=== Exercise details ===
Would you give the listing again exactly as written, minus its pictures?

=== Records ===
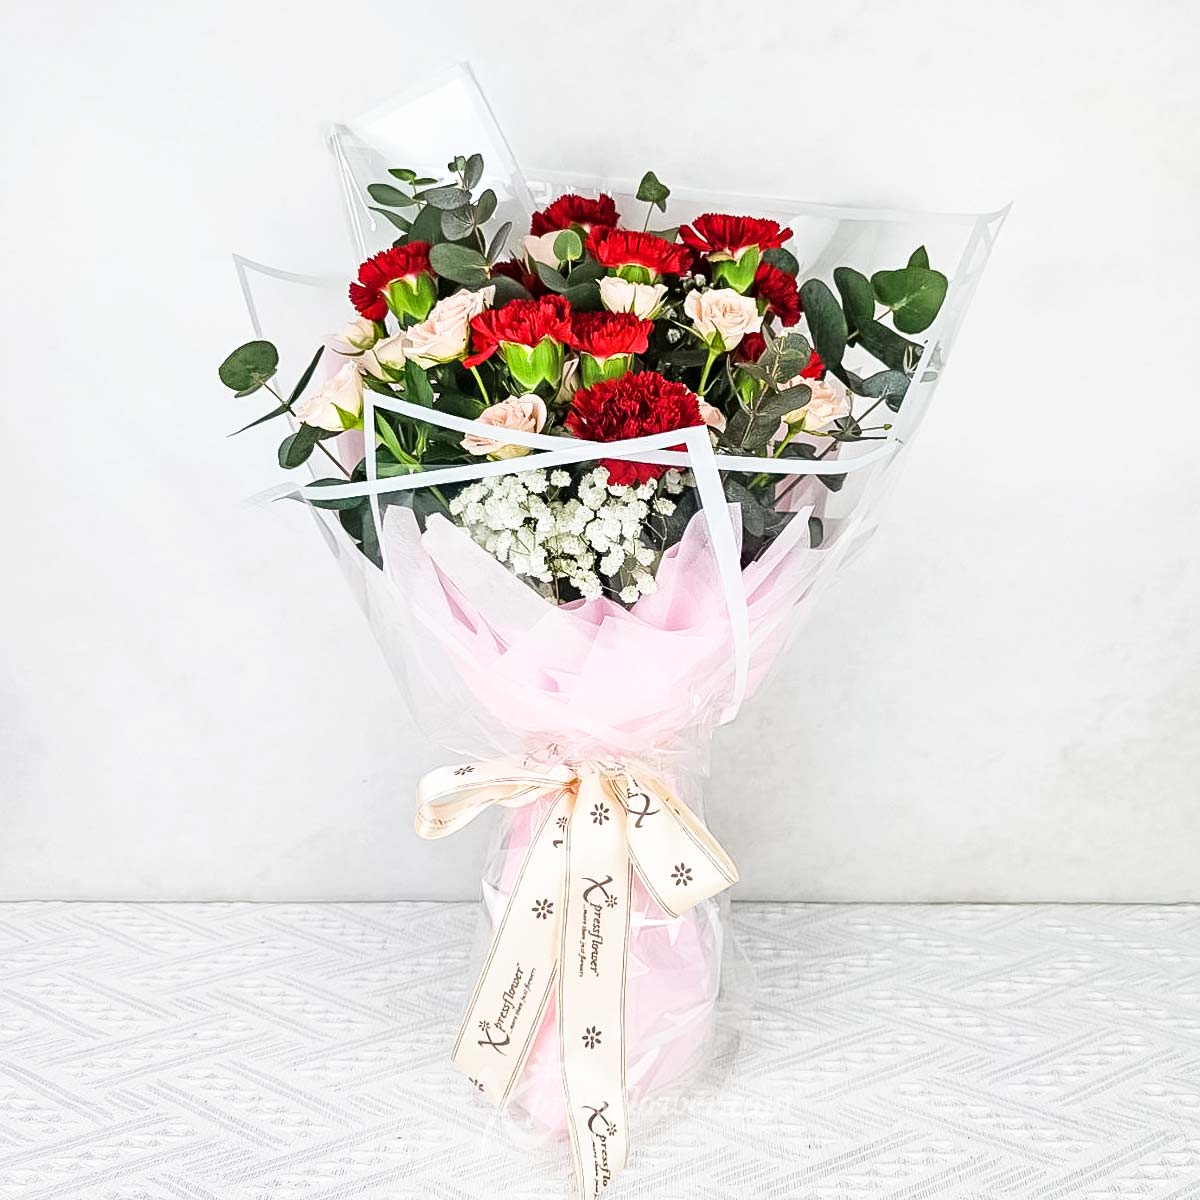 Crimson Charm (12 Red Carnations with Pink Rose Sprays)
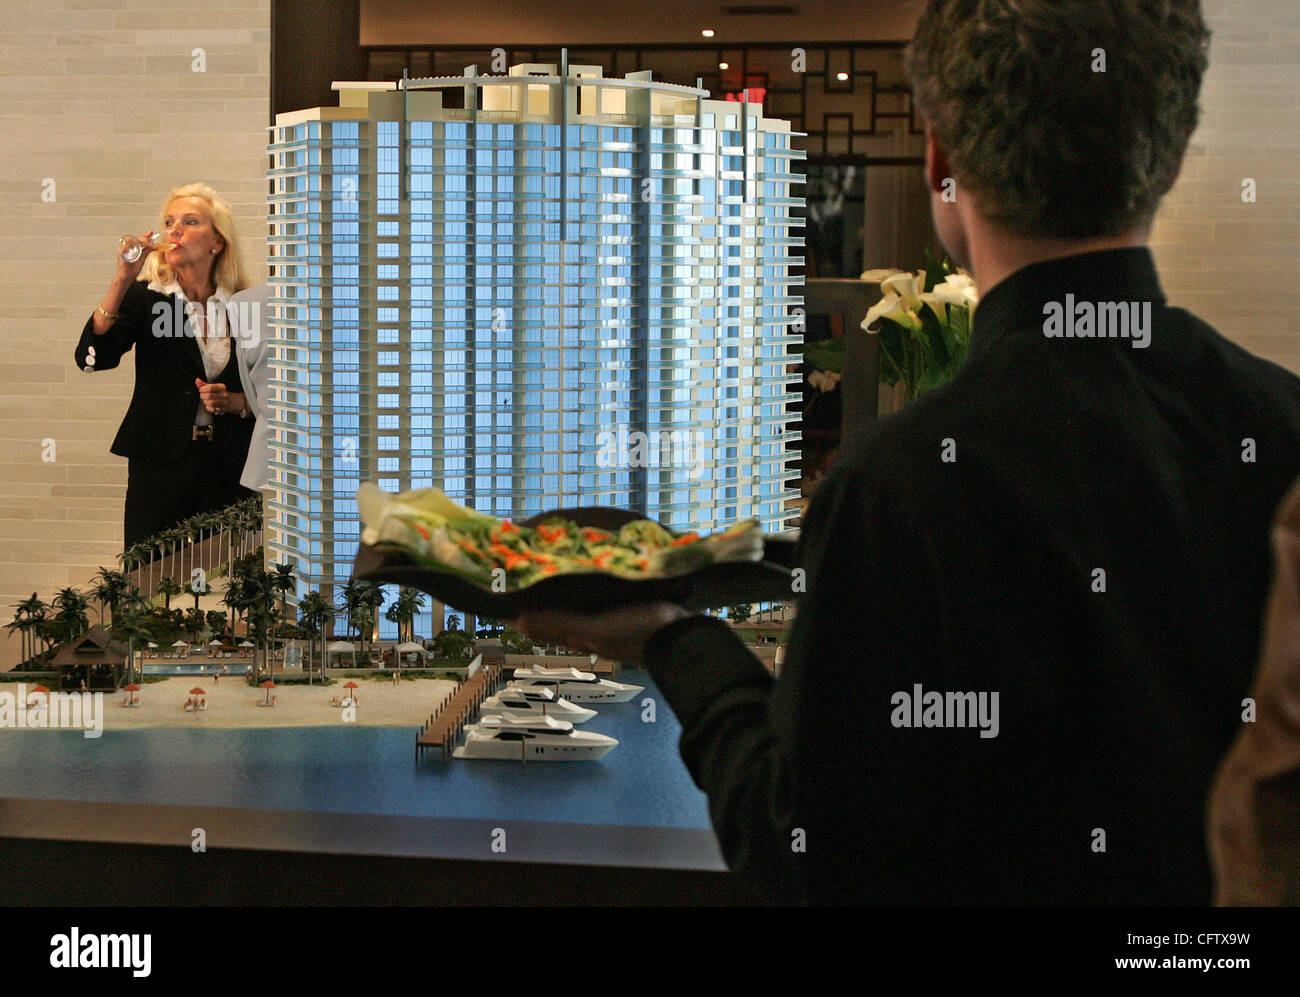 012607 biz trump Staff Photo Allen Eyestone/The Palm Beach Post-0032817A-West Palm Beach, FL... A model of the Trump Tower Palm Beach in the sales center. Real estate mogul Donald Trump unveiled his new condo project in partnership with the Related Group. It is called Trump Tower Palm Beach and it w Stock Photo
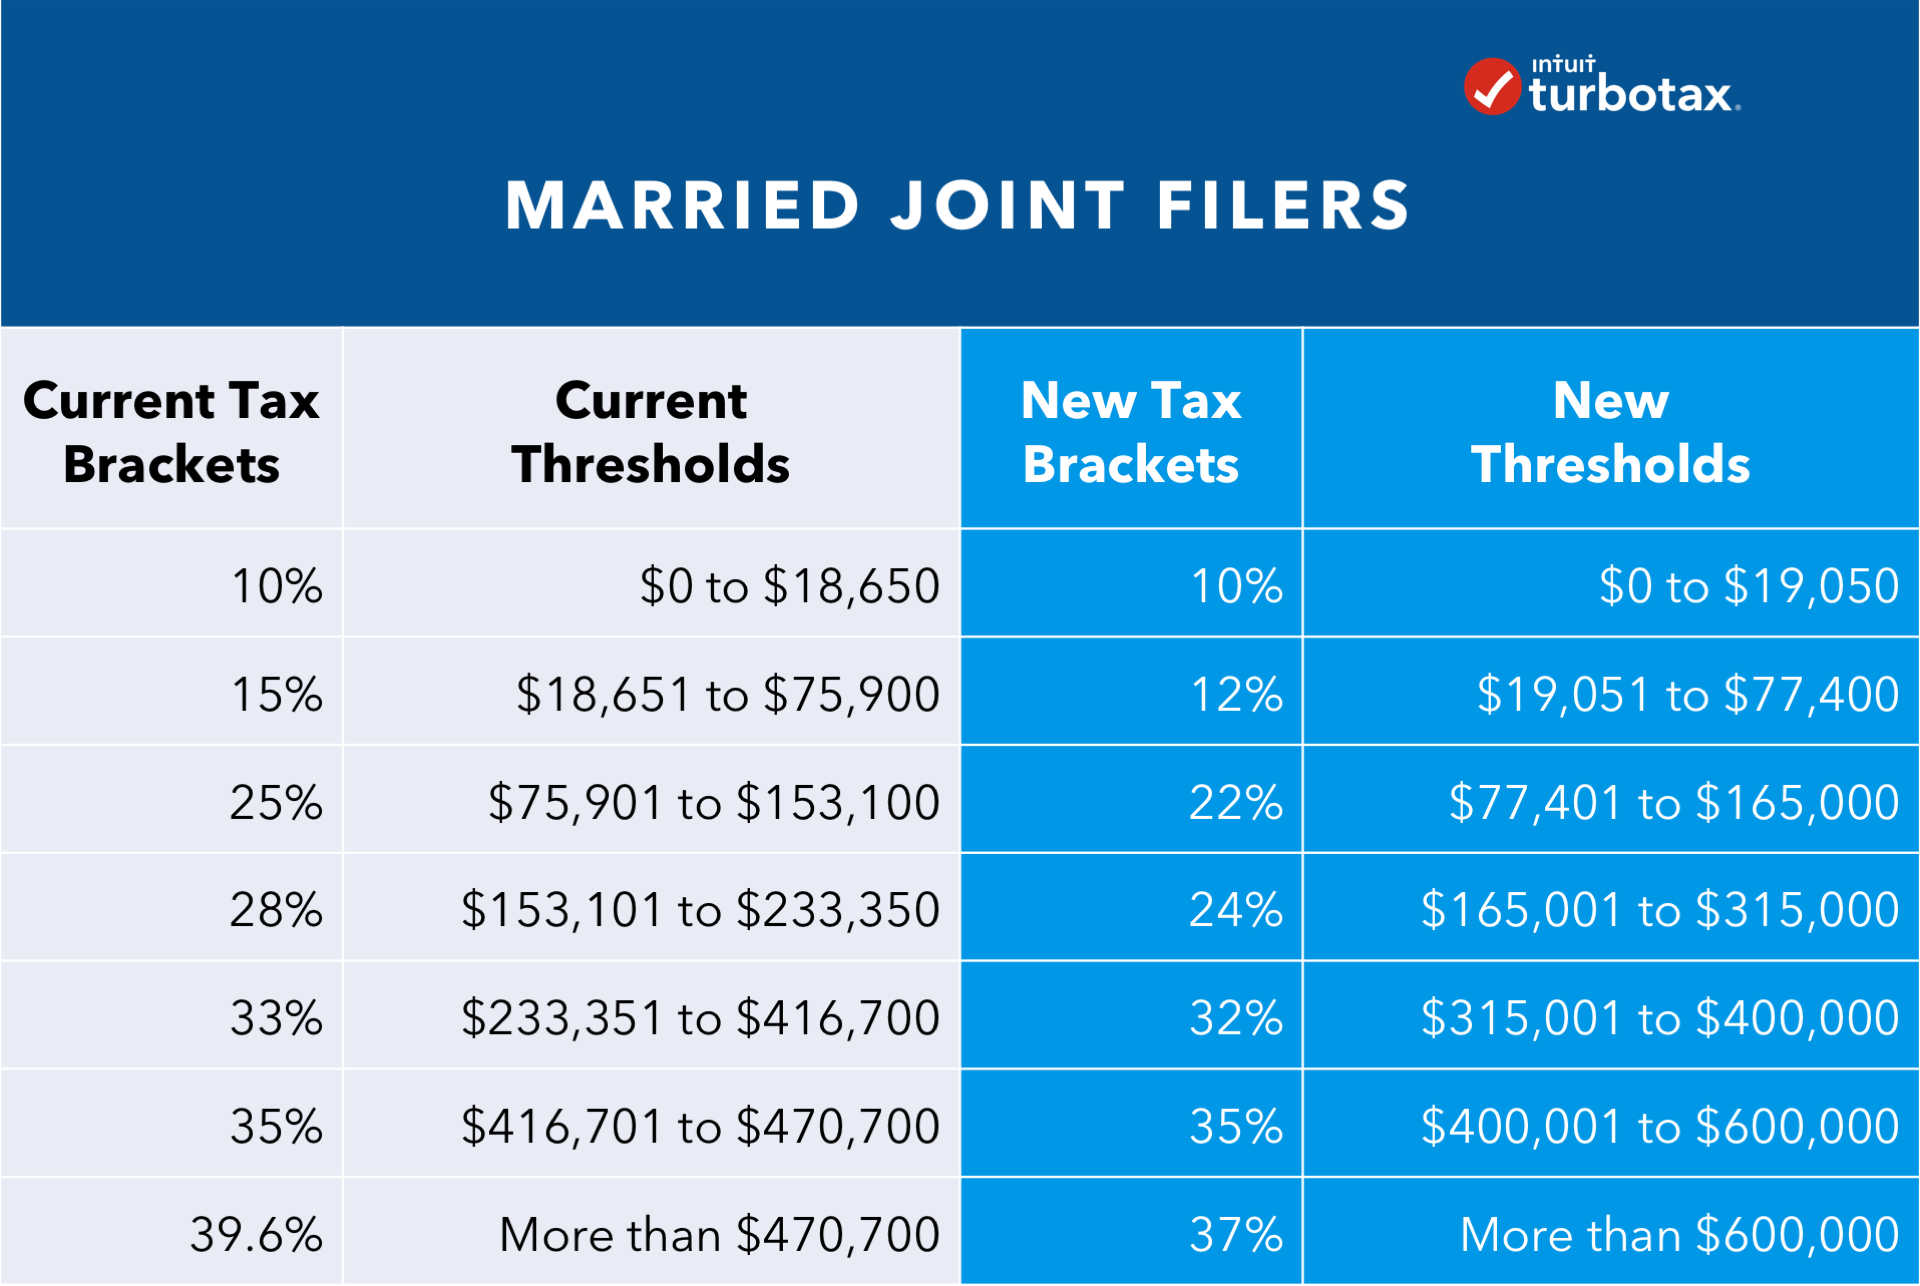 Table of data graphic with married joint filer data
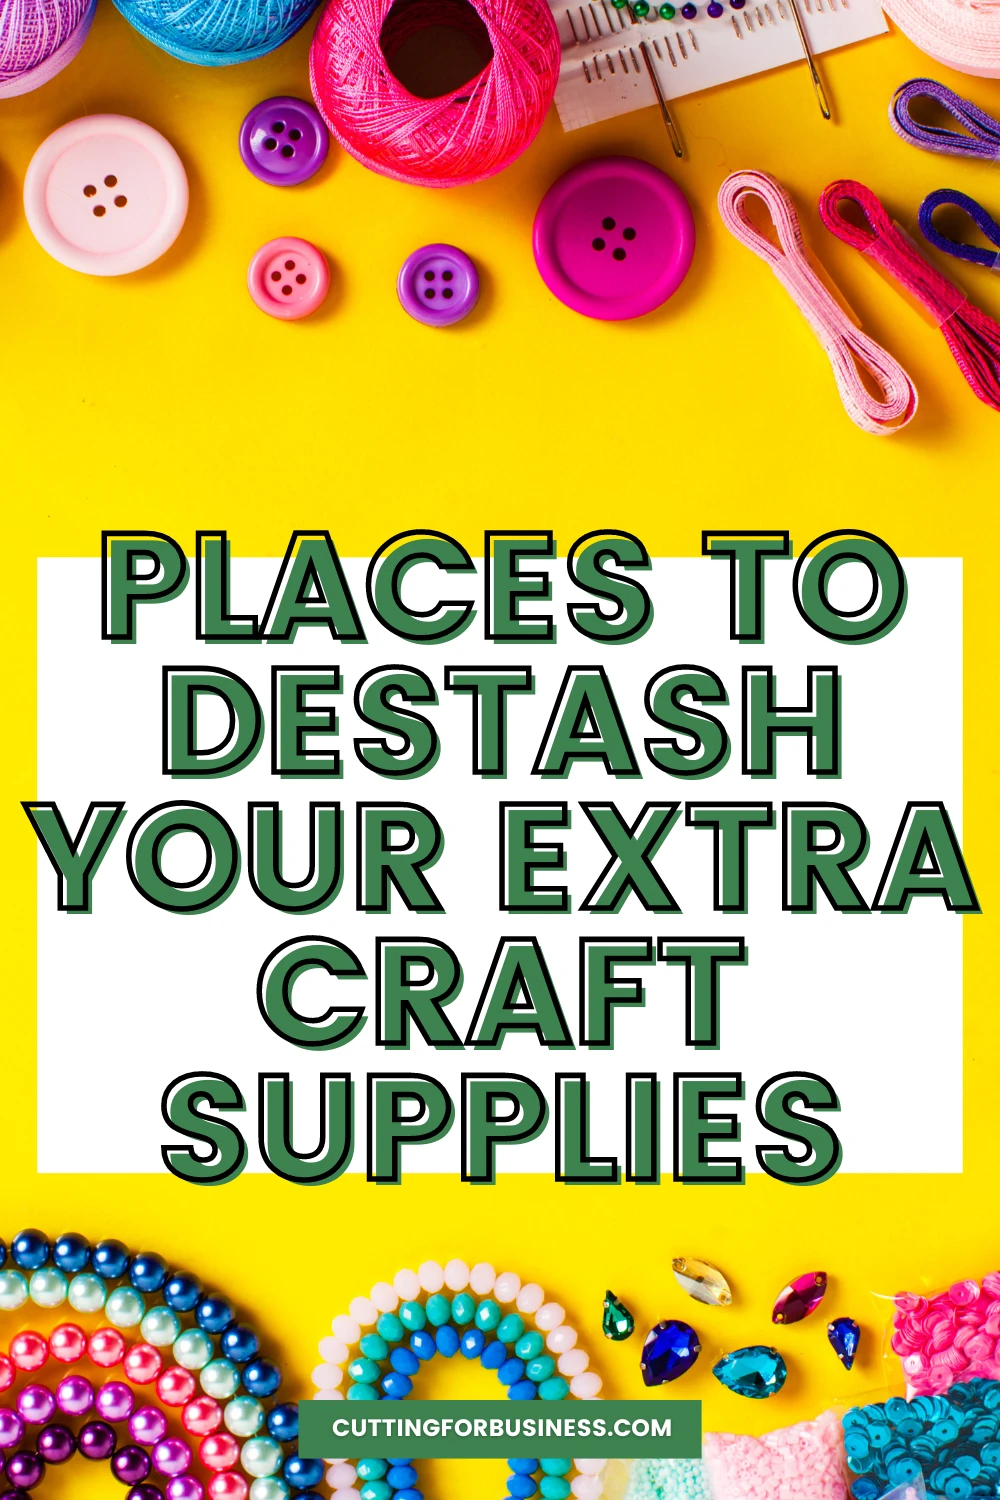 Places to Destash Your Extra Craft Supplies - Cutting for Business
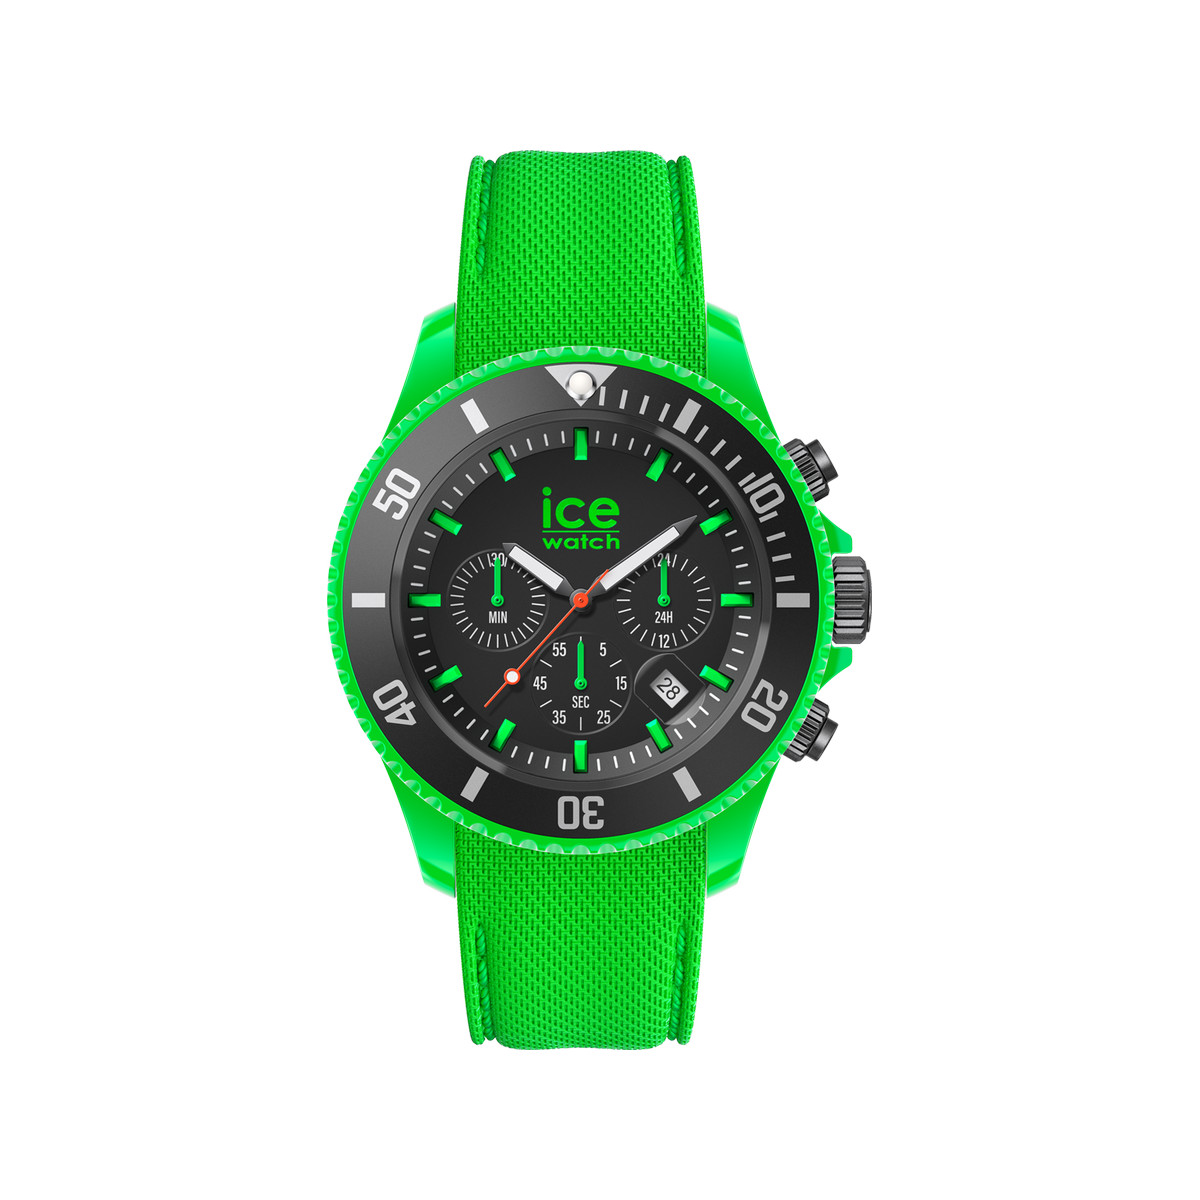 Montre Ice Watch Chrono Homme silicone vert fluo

=== Finished exercise ===
 Crimson Charm (12 Red Carnations with Pink Rose Sprays)
 012607 biz trump Staff Photo Allen Eyestone/The Palm Beach Post-0032817A-West Palm Beach, FL... A model of the Trump Tower Palm Beach in the sales center. Real estate mogul Donald Trump unveiled his new condo project in partnership with the Related Group. It is called Trump Tower Palm Beach and it w Stock Photo
 Table of data graphic with married joint filer data
 Places to Destash Your Extra Craft Supplies - Cutting for Business
 Montre Ice Watch Chrono Homme silicone vert fluo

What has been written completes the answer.